How to tell if you are a daydreamer

If you think you may be one - you probably are. But just for fun, I'll post a list so you can check off and see whether or not you might qualify as a daydreamer. Unlike many such checklists, it is a good thing if you score high. Unless you are one of those people who prizes conformity and convention. But you probably wouldn't be reading this blog if you were. Here's the checklist:
In school, have you:
1. Ever forgotten about the math problems because you were trying to copy the drawing of a clown on the worksheet?
2. Lost the class discussion because you were reading something more interesting?
3. Looked at all the blank pages in your textbooks and wished you could fill them up?
4. Watched the birds out the classroom window and wished you could join them in flying away?
5. Written your own poem instead of reading the one the class was studying?
At work, do you:
6. Avoid boring jobs you would have to sit in a cubicle to do?
7. Choose work you can do with your hands that leaves a large part of your mind free to think your own thoughts?
8. Doodle all over your desk blotter?
9. Create fantastic scenes in your mind during a boring meeting?
10. Get fired because you were staring off into space or talking too much?

If you've checked more than a few of these, you are probably one of us.

The trick is to recognize who you are and have always been - a daydreamer - and then find ways to be who you are that won't get you fired or thrown out of school.
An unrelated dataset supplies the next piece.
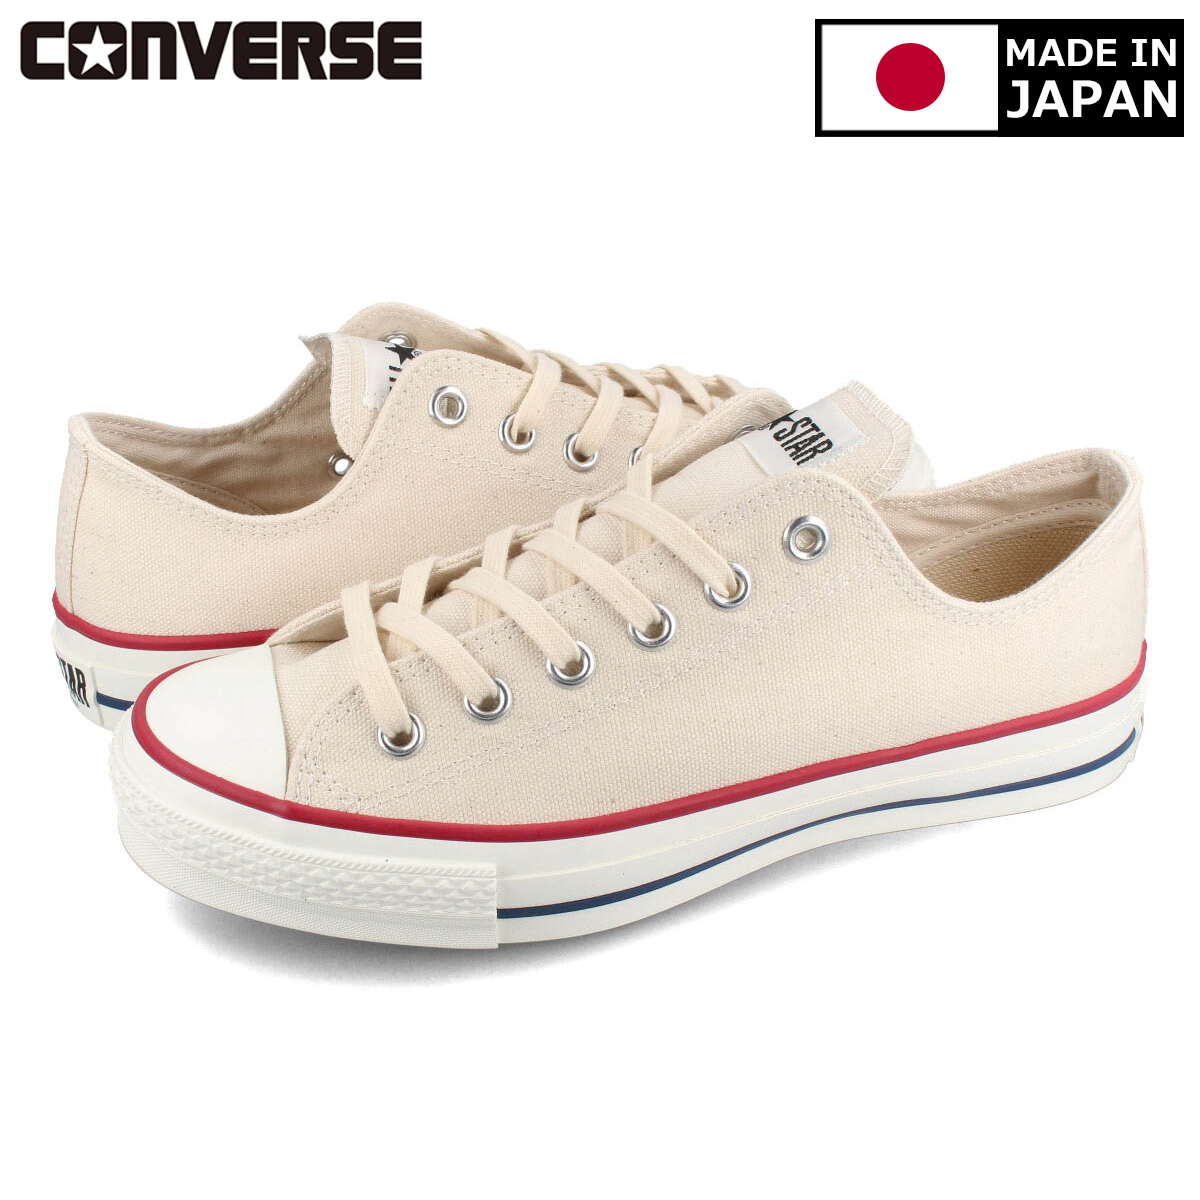 送料無料 CONVERSE コンバース メンズ 靴 スニーカー MADE IN JAPAN メイド イン NATURAL オールスター ファクトリーアウトレット ジャパン 日本製 WHITE OX J 人気海外一番 CANVAS STAR ALL 32167710

Try to find creative ways to get school credits, for example, by taking tests instead of having to sit through the classes. That's assuming you have studied on your own. Choose jobs that have you doing what you would choose to do if no one were making you do anything. If you haven't had training in writing, art, music, or whatever your passion is, get some. Try to become a real professional daydreamer and get paid for your writing, art, music. Don't try to be what someone else thinks you should be if it sounds like screaming boredom. You won't be good at it and eventually you will get fired or quit. If you can't get a job in your chosen field, choose something like cooking or driving or painting houses that allows the creative side of your brain to operate while the practical side is doing the work.

Daydreamers jealously guard their thoughts, and really hate it when they are interrupted. Better to be a skilled craftsman and work alone than be in an office where anyone can hold your brain hostage at a moment's notice.

Look at who you have been all your life. Then be that person, unashamedly. Daydreamers seldom hurt anyone else. Just watch out that others do not squash you.

Have a great, creative, dreamy New Year!

2 comments:

Dan said...

Powerful post Becca, I like it a lot.

The part that struck me most is:

"Look at who you have been all your life. Then be that person, unashamedly."

It's the only way to be happy and at peace with yourself and who you are, rather than trying to fit with someone else ideas of who you should be...

Happy Dreamy New Year to you too...

Dan

Becca Allison said...

Thanks, Dan!
Now if we could just get that message to kids before they have to go through all the painful crap society sometimes lays on them. Not to mention the hopeless boredom of some schools. Or maybe we just all have to go through it to value the better stuff?